Opinion: Company law “like a Russian doll”

This article originally appeared on The Australian Financial Review.

Australia’s corporate law regime can be compared to a Russian doll, with one or more top dolls concealing other dolls.

Australian Law Reform Commission chairperson Judge Sarah Derrington said there is a “great body of secret laws” made by ASIC and other regulators and this contributes to legislative complexity. She’s right.

Our corporate law regime is like a Russian doll, with one or more top-level dolls concealing other dolls.

One would think that the logical place to find the law would be to go to the relevant section of the Corporations Act. You would be wrong.

We start with the Act, move on to regulations, then to the schedule of regulations. You then check the ASIC class controls, the linkage hardware in the regulatory guides, and finally, the smallest but in many ways the most powerful headstock, the ASIC modifications.

But the presence of modifications is not bad; it is in fact the symptom of evil.

Consider an example of the financial services provisions of Chapter 7 of the Corporations Act, which is the focus of the ALRC’s current review of laws that regulate financial services in Australia.

Section 1017B deals with certain disclosure obligations.

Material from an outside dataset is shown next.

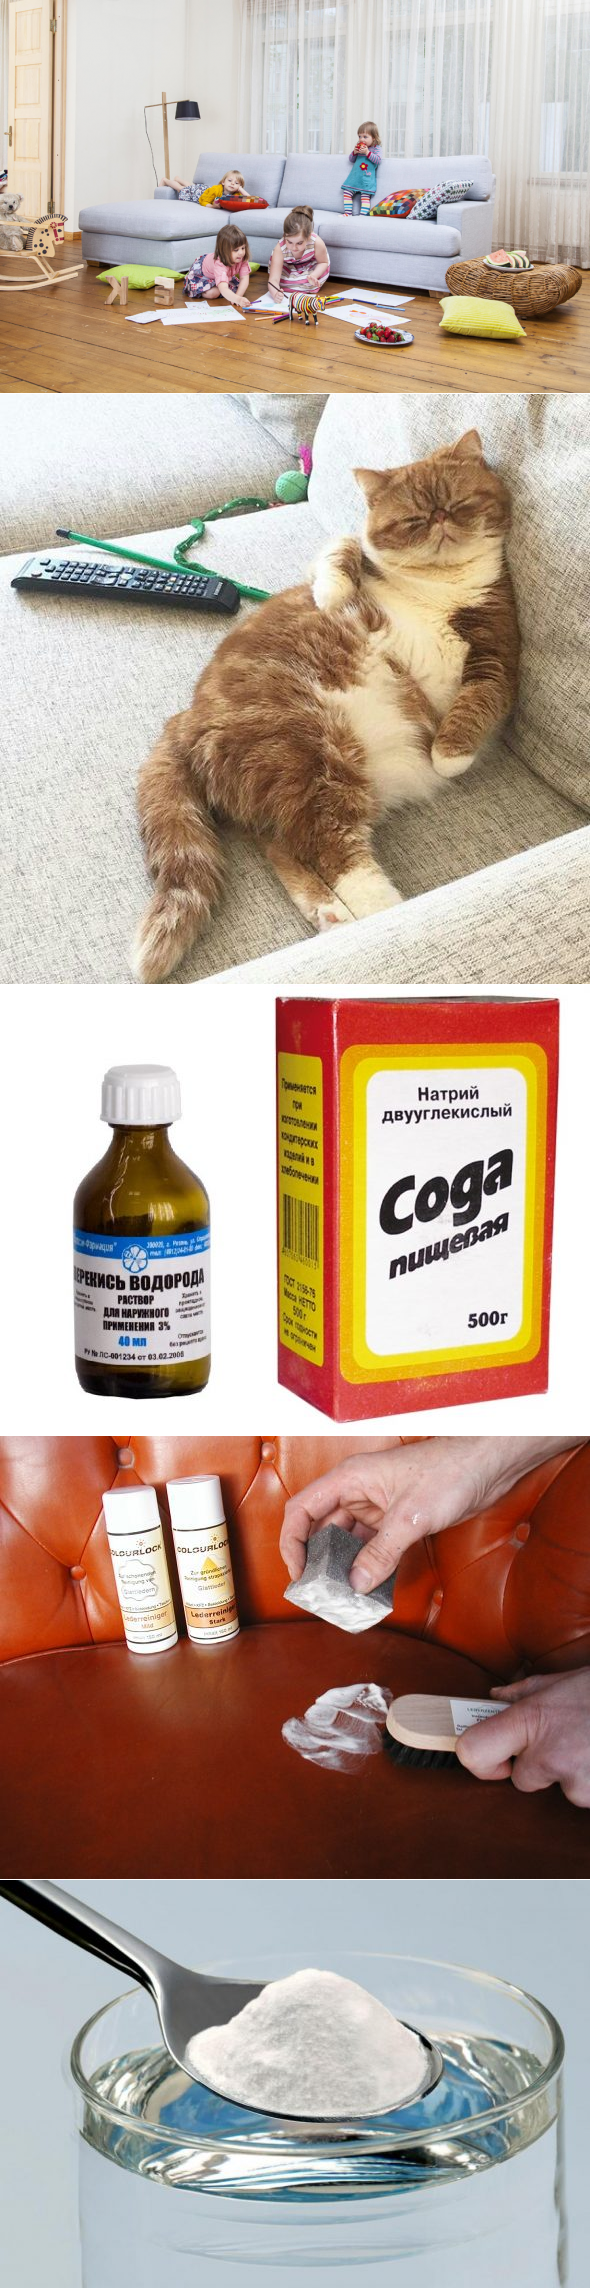 Как избавиться от кошачьего запаха в квартире – 15 лучших рецептов от запаха кошачьей мочи

The regulation should be reviewed as it clarifies various relevant details. But the appendix to the regulations changes the law and a class decree changes the schedule!

“Manna from heaven”

In my experience, changes can be like manna from the sky, solving problems caused by verbose provisions in circumstances where the prospects for a legislative solution are either slim or purely spooky due to the need for a bipartisan political support.

So what is the solution?

The principled regulatory framework that Justice Derrington referred to in her address to insolvency lawyers – the one in which she commented on “secret law” – is a good start.

His Honor refers to sound guiding principles, including clarity, consistency, efficiency and accessibility, flexibility to deal with unforeseen or unforeseen issues, and identification of standards of behavior.

But is it enough? Do we need a more radical paradigm shift? Can we be fooled that such a regime can be born easily, like Athena from the head of Zeus? Should we at least consider an alternative model?

In this regard, I am a follower of the scheme of the Life Insurance Act and, to a lesser extent, of the Pensions Industry (Supervision) Act.

The first is a very meager legislative framework that uses subordinate legislation not only as an “emergency glass breaker” tool, but as an integral part of the legislative scheme.

This objective is achieved through the use of prudential standards that the ALRC calls in an earlier document “thematically consolidated legislative instruments”. These standards can be developed quickly and can certainly help address loopholes – for example in the context of pensions where performance standards can fill loopholes in the law with regulations – but prudential standards developed by the APRA represent a much faster and more efficient solution.

Principles

The key factor, however, is that the regime is principled, with only a few basic principles incorporated into law.

What about the problem of the secret law and the Russian doll?

Well, this is avoided because you are deliberately establishing a regime of laws and regulations. They can be supplemented by subordinate legislation in the form of standards developed by the regulator which can be re-enacted as regulations where appropriate.

This is a more structured use of subordinate legislation compared to amendments.

Anyone who uses the Life Insurance Act seems to be able to locate the relevant standards, as this is an established, well-publicized, and integrated feature of this legal regime.

It also solves the problem of discrepancies and to some extent the problems of complexity.

Think of it this way: you would know exactly where the lot is if all the dolls were laid out on the table.